Искры летели и падали, медленно, плавно. И Кора шмыгнула носом, жалея, что ее жизнь не текла так же, а мельтешила, как летние тени от листьев. Видно, права старая Берита – про ее глупость. Но откуда взять ум, если жизнь – мельк, и пролетела…
Стала бережно заворачивать шар в тряпку. Закутывала круглое, с которого края тряпки сползали, не хотели держаться. И остановилась.
– А… – сказала себе, думая пришедшую мысль. И уже молча, обхватив пальцами сверток, додумала остальное. Зачем у себя держать? Можно же сторговаться с Онной, потихоньку. – Пусть Онна глянет, какие есть у Коры Вещи. Пусть одну возьмет, и отдаст Оннали за ее сынка. Шар не отдаст, нет. Он только ей, Коре, в утешение. Но есть еще две Вещи.
Прозвучал в голове голос Бериты. Что она там говорила – нельзя показывать, можно только хранить и смотреть. Мало ли. Берита одна живет. Нет у ней настоящих деток, даже муж у нее – дерево. Когда-то была Берита красавицей. Высокая и сильная. Но боги дали ей ненужный ум, не отсюда. И ум увел ее в лес, далеко, куда и мужчина не каждый ходит. Сама ушла, сама вернулась. Но ушла девой, с волосами до колен, с грудью, в которую только бы молока для вновь рожденных. А вернулась…

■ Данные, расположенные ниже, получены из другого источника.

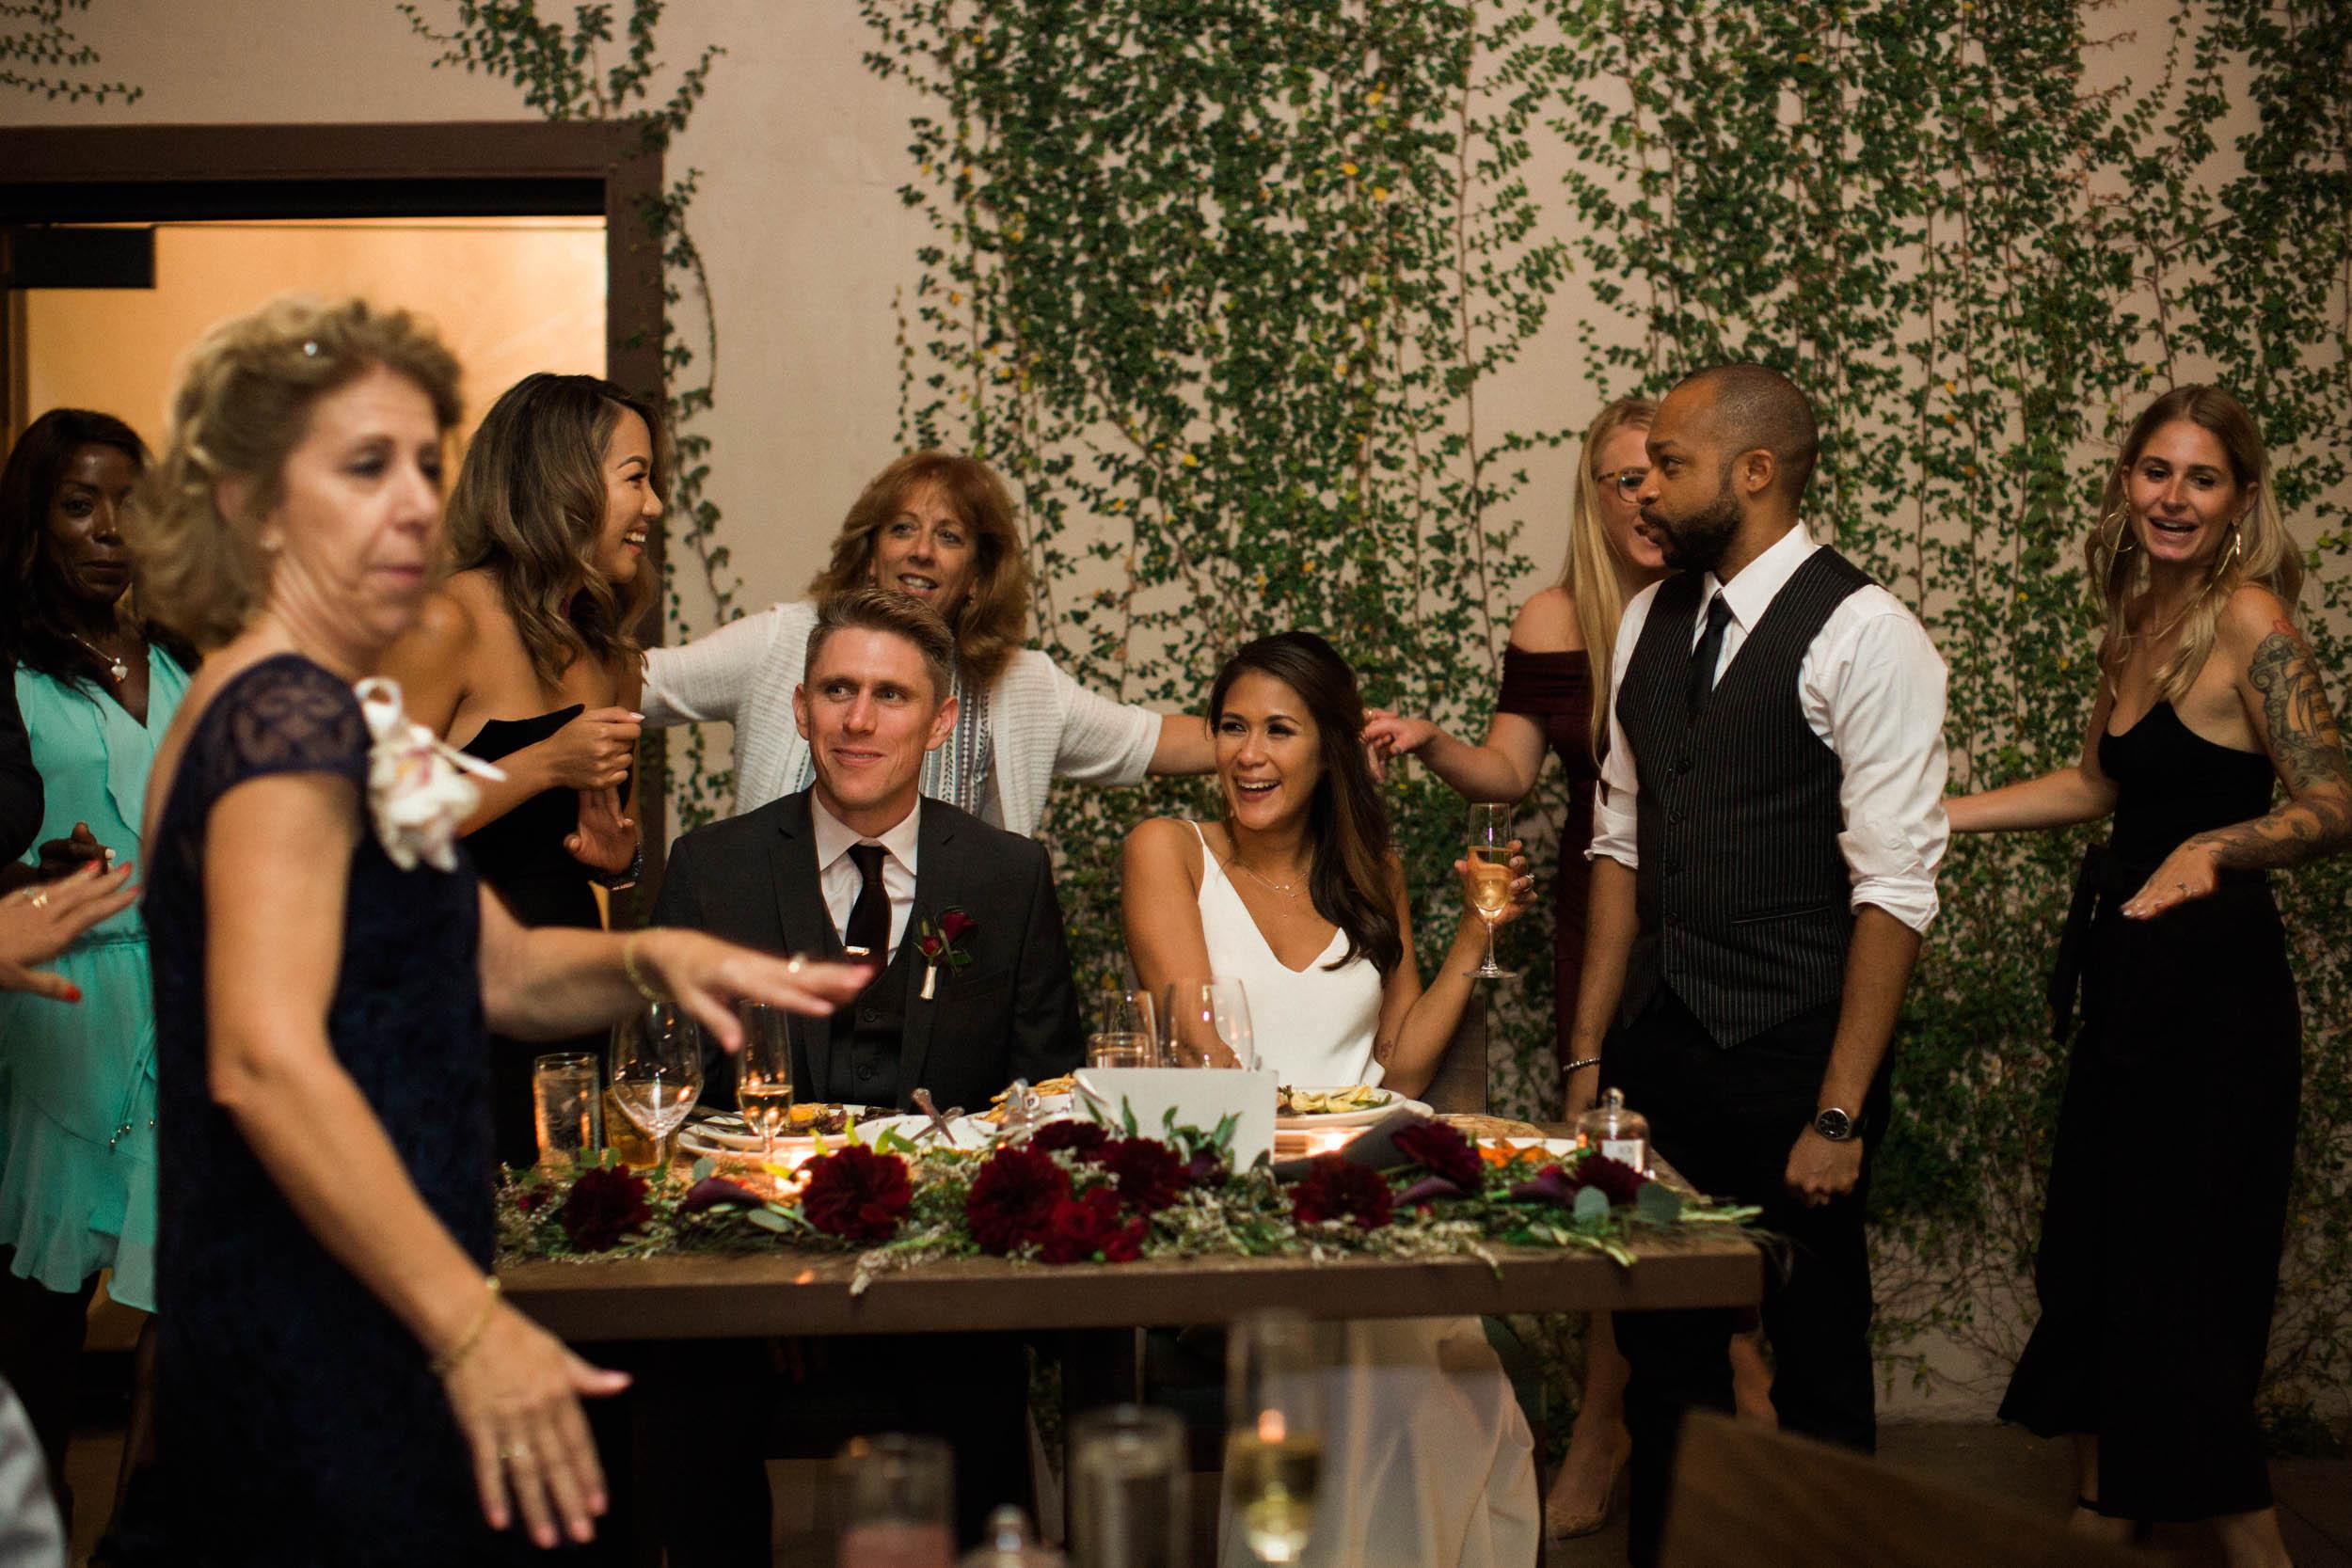 BKM-Photography-Highland-Park-Los-Angeles-Backyard-Wedding-0079.jpg

Кора вздохнула. Не хотела вспоминать, как шла Берита по тропе посреди деревни, а люди смотрели на нее из-за плетней и молчали. Твердо ступали толстые ноги под разодранным подолом, тряслись обвисшие щеки. Жидкие пегие волосы по плечам, как струйки серой воды. Ни на кого не смотрела. Ушла в свой дом и жила одна, долго. Кора сунулась было. Страшно, но любопытно очень. Увидала через плетень, как Берита на коленях стоит в огороде, ямку роет руками. А после задрала юбку, вытащила оттуда нож, настоящий, как у главного охотника племени, только резало у него полукругом, как ухмылка Еэнна. Полоснула по толстой руке и потекла кровь в рыхлую землю. Берита другой рукой себя за запястье держала и стискивала крепко, так что пальцы побелели. И кровь капала быстро-быстро. А губы шевелились. Вдруг подняла глаза прямо на Кору. И улыбнулась, оскалилась, как ее нож. Как Еэнн ухмыляется с черного неба.
Кора заходить не стала, нет-нет. Отпрыгнула и убежала домой, да там сидеть не смогла. Побежала по соседкам. Много чего было говорено тогда с женщинами. И ходили, на Бериту не глядя, вроде и нету ее. Но потом заболела девочка Наскии, принесли ее из леса, она там в заросли ядовитого мха упала, лицом, обожглась и встать не могла и покричать не могла, лежала, пока мальчишки не вытащили за ногу. Наския плакала, ой плакала, выла. Кора уже стала гирлянды плести, потому что кто же после мха живет, а тем более, с таким лицом. Но пришла Берита, сама. Принесла горшок с отваром. Всех выгнала из дома, села рядом с девочкой. Кора в щель смотрела, видела. Умыла ручищей, побрызгала на голову и живот. Ко рту поднесла и заставила выпить остатки. И всю ночь сидела рядом и пела страшную незнакомую песню. Утром, когда девочка заснула и дышала ровно, без бульканья, разрешила матери войти. И та повалилась на пол, увидев, как на глазах зарастают на личике дочки ожоги.
С тех пор Берита лечит. Но негоже женщине жить одной и вождь, да будут дни его светлы, а ночи полны женщин, призвал ее к себе и разрешил выбрать мужа. Берита осмотрела мужчин, что стояли, опустив головы, и дрожали от страха, что укажет на одного из них, и расхохоталась. Даже слезы текли по толстым щекам. Смеялась, что ест она теперь много и не прокормит ее ни один охотник. И вождь разозлился ее смеху. Велел ей выйти замуж за хлебное дерево, что росло у нее за плетнем. Чтоб муж родил только еду, раз ей другого не надо. Берита кивнула, подбоченясь. Ответила, того, что ей надо, у мужчин племени нет, она его сама добудет. И добывала.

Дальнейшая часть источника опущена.